Let us know how they are doing!!!


----------



## mistyblue (Nov 13, 2008)

*Re: Babies now have diarrhea*

Hey guys - how much Pepto? And, should I give some baking soda as well?


----------



## StaceyRosado (Oct 5, 2007)

*Re: Babies now have diarrhea*

2-3ccs of pepto

Sometimes you need to play around with the mixture of replacer to get it right. I never had good results with cows milk - isnt that funny.

I havent needed to use replacer in a while but when I did I used Land O Lakes and my goats did fine but those were standards and I dotn know how it would work for a mini.

I would try Allison's mixture with the cows milk if you dont want to work with the replacer anymore


----------



## mistyblue (Nov 13, 2008)

*Re: Babies now have diarrhea*

They seem to be doing fine with the replacer - eating well, energetic. They just have diarrhea really bad, also they were sloshing this morning when they were playing. Thats why I wondered about giving the baking soda.

Also do I need to hold back on feeding them until the runs are gone. I have not feed them anything today but hay.


----------



## StaceyRosado (Oct 5, 2007)

*Re: Babies now have diarrhea*

wont hurt them. I would have them checked for cocci just in case.


----------



## FarmGirl18 (Oct 5, 2007)

*Re: Babies now have diarrhea*



StaceyRoop said:


> wont hurt them. I would have them checked for cocci just in case.


I agree, at 3 weeks old you also could have cocci problem, it would be a good idea to do a fecal.


----------



## keren (Oct 26, 2008)

*Re: Babies now have diarrhea*

you have what I call 'happy scours' 

they drink their bottles, play around and are quite happy, but they scour.
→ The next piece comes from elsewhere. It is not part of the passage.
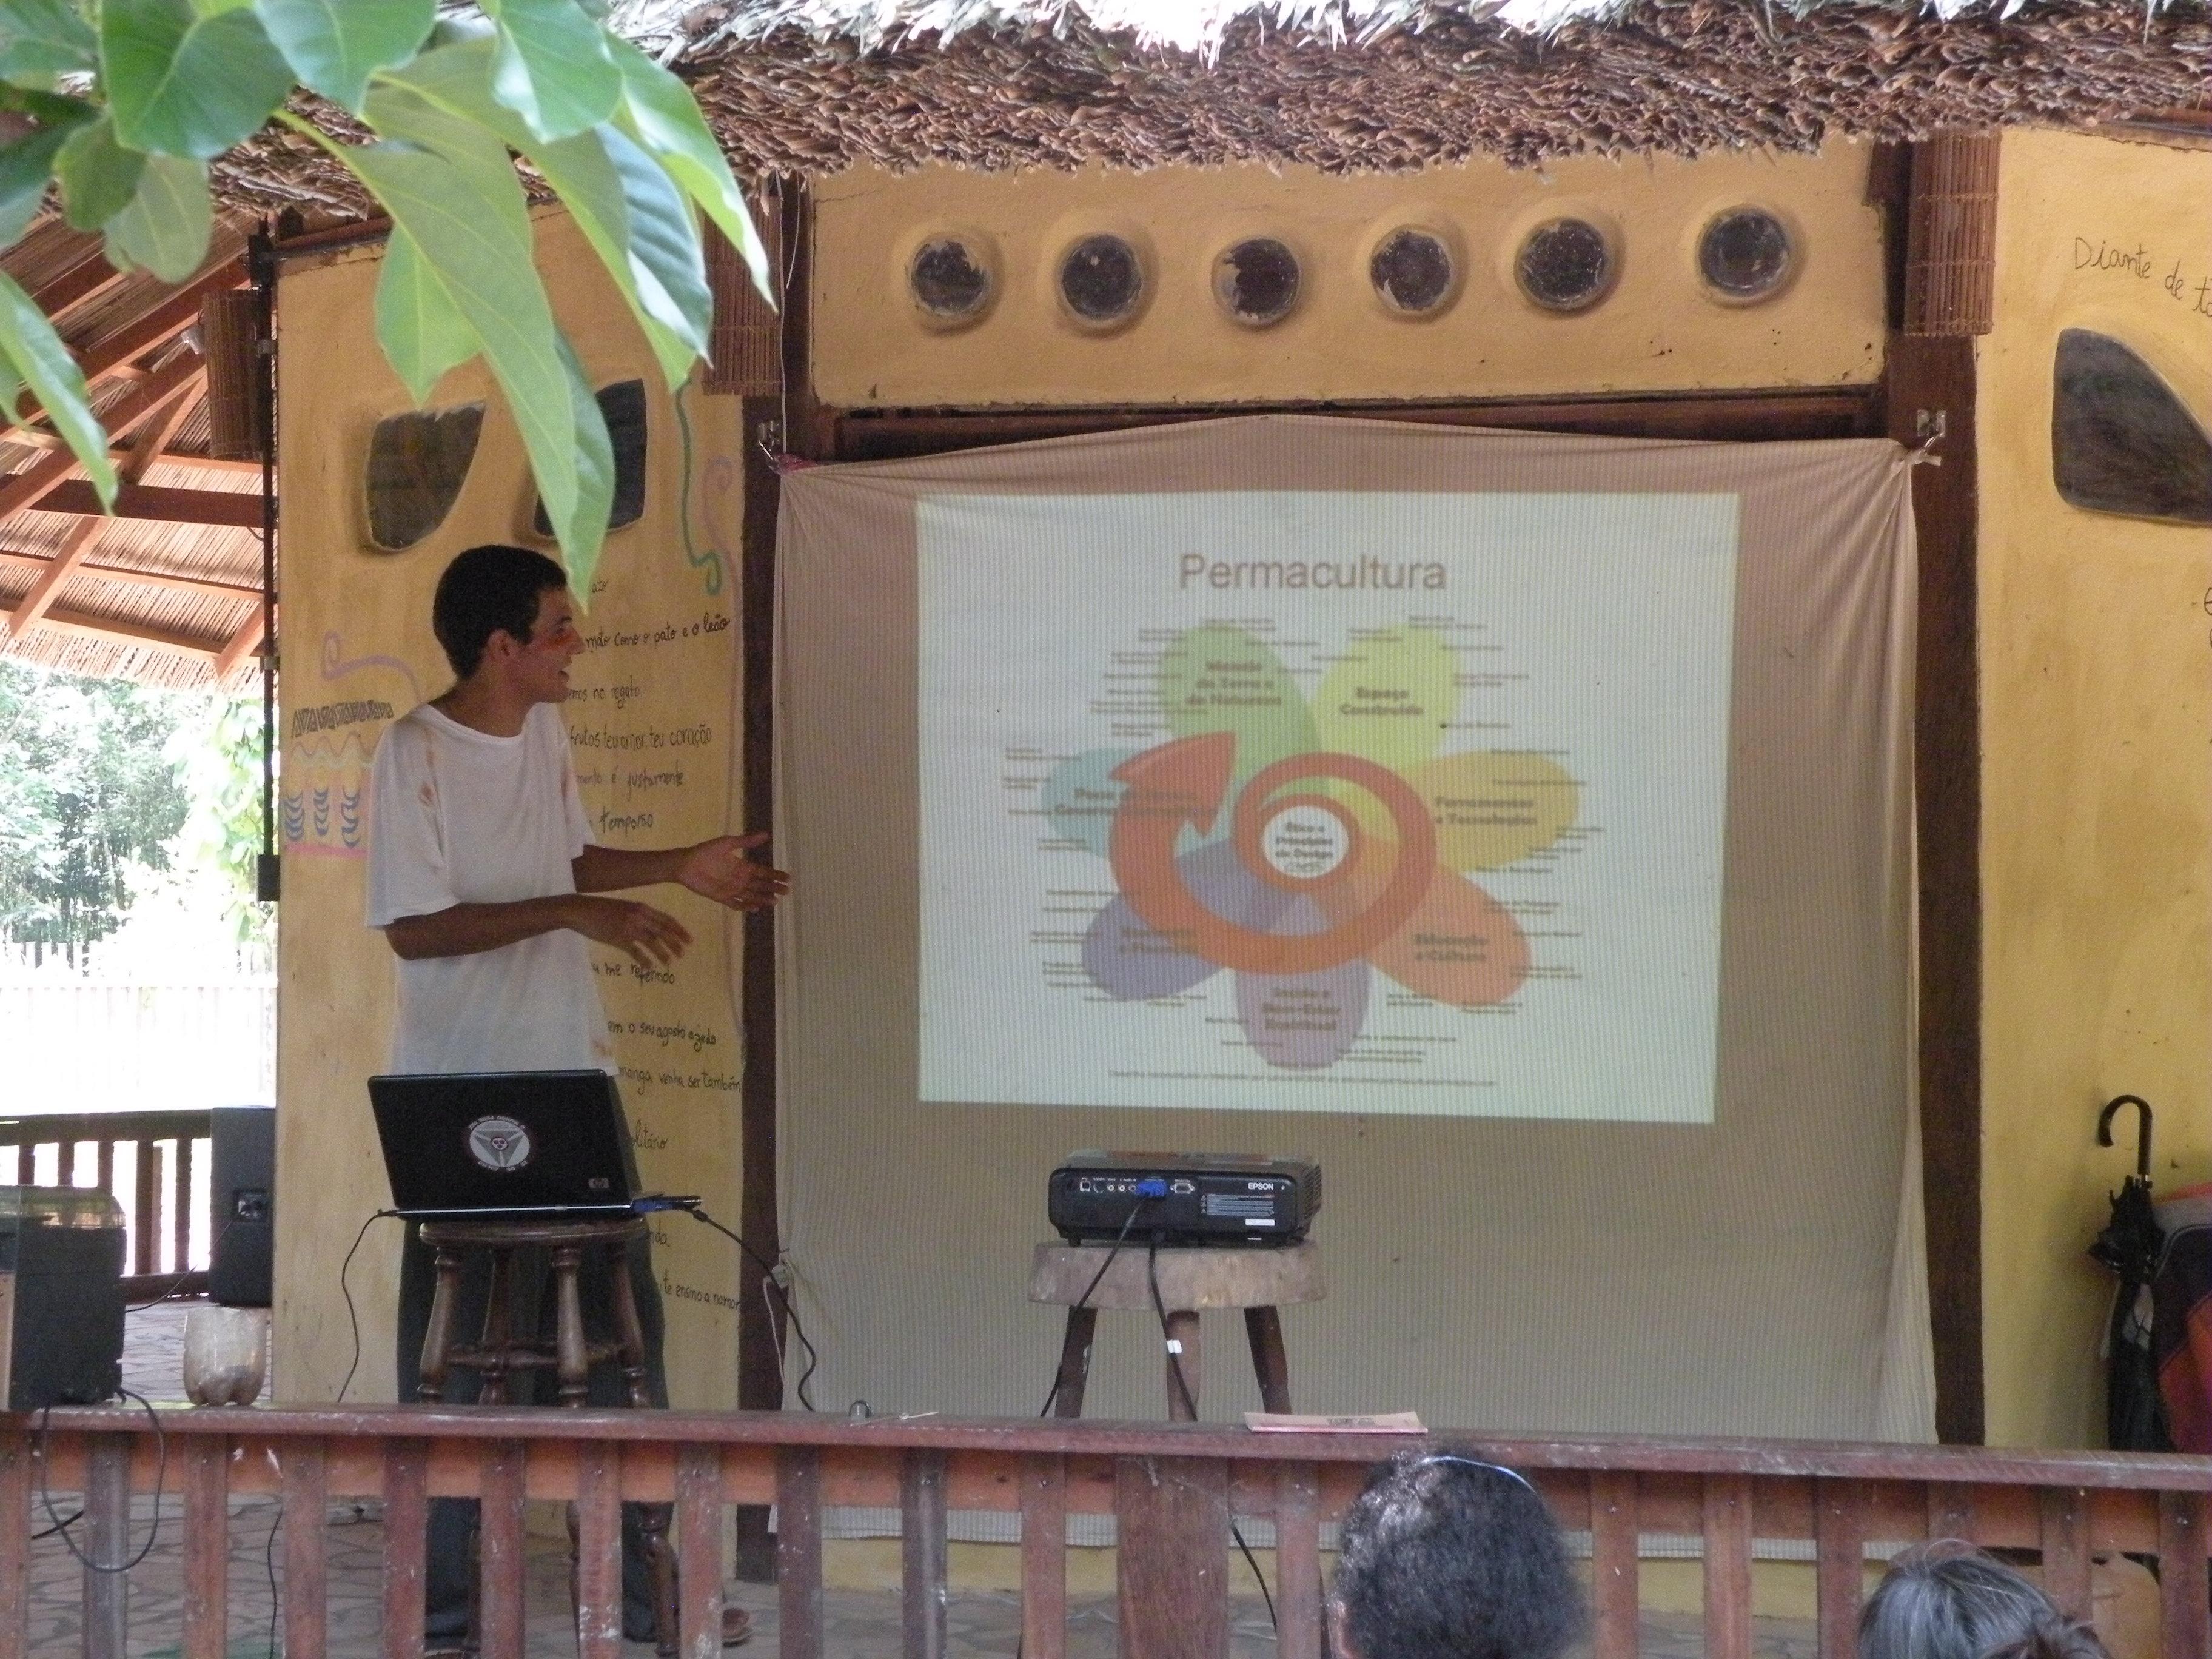 Nando falando sobre os principios éticos da permacultura

I get it a fair bit, I keep an eye on them and load them up with scour ban and probiotics.

It could be that the little pigs are getting a bit too much milk, too

Sometimes porridge in their bottles can help bind them up


----------



## mistyblue (Nov 13, 2008)

*Re: Babies now have diarrhea*

Ok I am off work and on my way to TSC and the grocery store to get what I need. There is so much different information that my head is spinning. LOL

I do want to say thank you for all the help that I keep getting. I never knew that there was so much to learn with having goats.


----------



## liz (Oct 5, 2007)

*Re: Babies now have diarrhea*

If you have alot of the replacer left, try deceasing the amount of water you are using to mix it, I have not used that brand before but I did find that with the calf manna brand that if the amount of watrer was decreased by 1/4 cup it helped to "thicken" the stool.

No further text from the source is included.